3. Conformation-independent dissimilarity scoring
Often, it can be hard to identify or quantify subtle differences between models, especially when attempting to do so by simply superposing structures and inspecting them manually. This can be even more challenging when the compared models cannot be easily/unambiguously superposed, such as when the models undergo conformational change. However, this task can be made dramatically easier by investigating the conservation of local structure, which can provide great insight.
ProSMART reports various residue-based local dissimilarity scores which pertain to the conservation of backbone and side-chain conformation. Results regarding alignment, superposition, rigid substructure identification and residue-based scoring may be visualized using the popular molecular-graphics software CCP4mg (McNicholas et al., 2011) and PyMOL (Schrödinger). Residues are coloured using an intuitive gradient (colours and gradient scales may be chosen) representing various levels of dissimilarity. This default output can provide useful information that can be hard to achieve manually and at the same time easily and automatically produce publication-quality graphical representations of structural analyses. In particular, the ProSMART interface within CCP4mg offers powerful functionalities, including the ability to alter colours and gradients in real time.
The examples in this section involve publicly available models of macromolecular structures deposited in the Protein Data Bank (Berman et al., 2002). These models are referenced using their PDB IDs and chain identifier codes. All examples correspond to default ProSMART comparison using a fragment length of nine residues.
3.1. Residue-based local backbone conservation scores
We exploit the fact that a particular residue may belong to multiple aligned fragments by identifying multiple ways of scoring. Referred to as the Procrustes, Flexible and Hinging scores4, these scores provide complementary information and can be used in concert to analyse the local structural environments of residues.
Of the three backbone scores, the Flexible score is often of most practical interest and thus is always recommended as a first port of call, especially when comparing structures that are not near-identical in sequence. For example, in Fig. 2 it is evident that local backbone structure is preserved in many regions (coloured yellow), including many loops, despite the low sequence homology between the compared structures. Simultaneously, it is easy to identify which regions are structurally dissimilar (coloured red).

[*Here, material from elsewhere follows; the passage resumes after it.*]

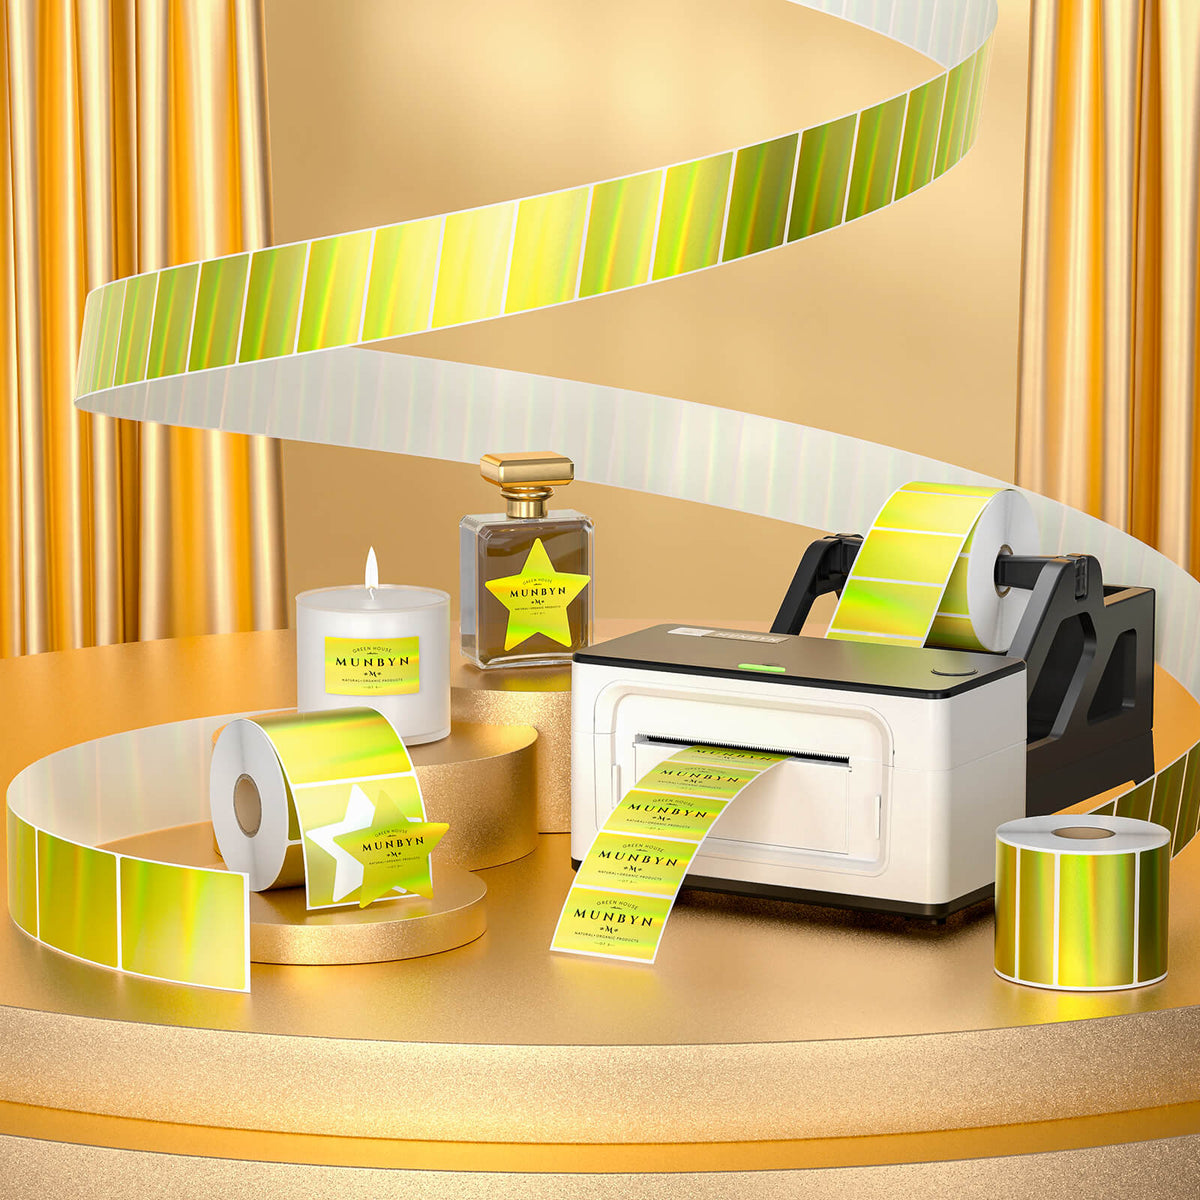 MUNBYN's versatile gold holographic thermal labels are perfect for a variety of purposes.

The Flexible score can also help to identify whether structural regions are internally near-identical, even if the compared models adopt dramatically different global conformations. For example, Fig. 3 shows an example of comparing a model of barnase with a domain-swapped form. By simply looking at the structures manually, it can be hard to determine the degree to which the domain swap induces conformational change of the backbone. Colouring the models using the Flexible score (Fig. 3a) reveals that the backbone is highly structurally preserved everywhere except for the few residues involved in the hinge (which are coloured red).
3.2. Comparison of side-chain conformations
Further to scores describing the backbone structural dissimilarity, ProSMART provides various measures of the conformational conservation of side chains relative to their local coordinate frames, including the side-chain r.m.s.d. score and the maximal deviation over all atoms in the residue. These scores only make sense for sequence-identical residues with low Flexible scores. The side-chain r.m.s.d. is the average distance between corresponding side-chain atoms in the target residue pair after local superposition. When comparing non-identical structures with high structural similarity (for example mutants) the distance between average positions of side-chain atoms may be used, as it can be calculated for residues with different amino-acid types. Results should be interpreted contextually, remembering that side chains from different amino acids will have different score distributions.
This functionality may be used to compare close homologues whether in the same or different global conformational states. For example, in Fig. 3(b) consideration of the side-chain r.m.s.d. score allows the immediate visual location of side chains that adopt similar and different conformations in the two models. This can be useful in various situations, for example to investigate and visualize differences in side-chain conformation in sites of interest or the effects of external influences such as small-molecule and metal binding, biological assembly and crystal packing.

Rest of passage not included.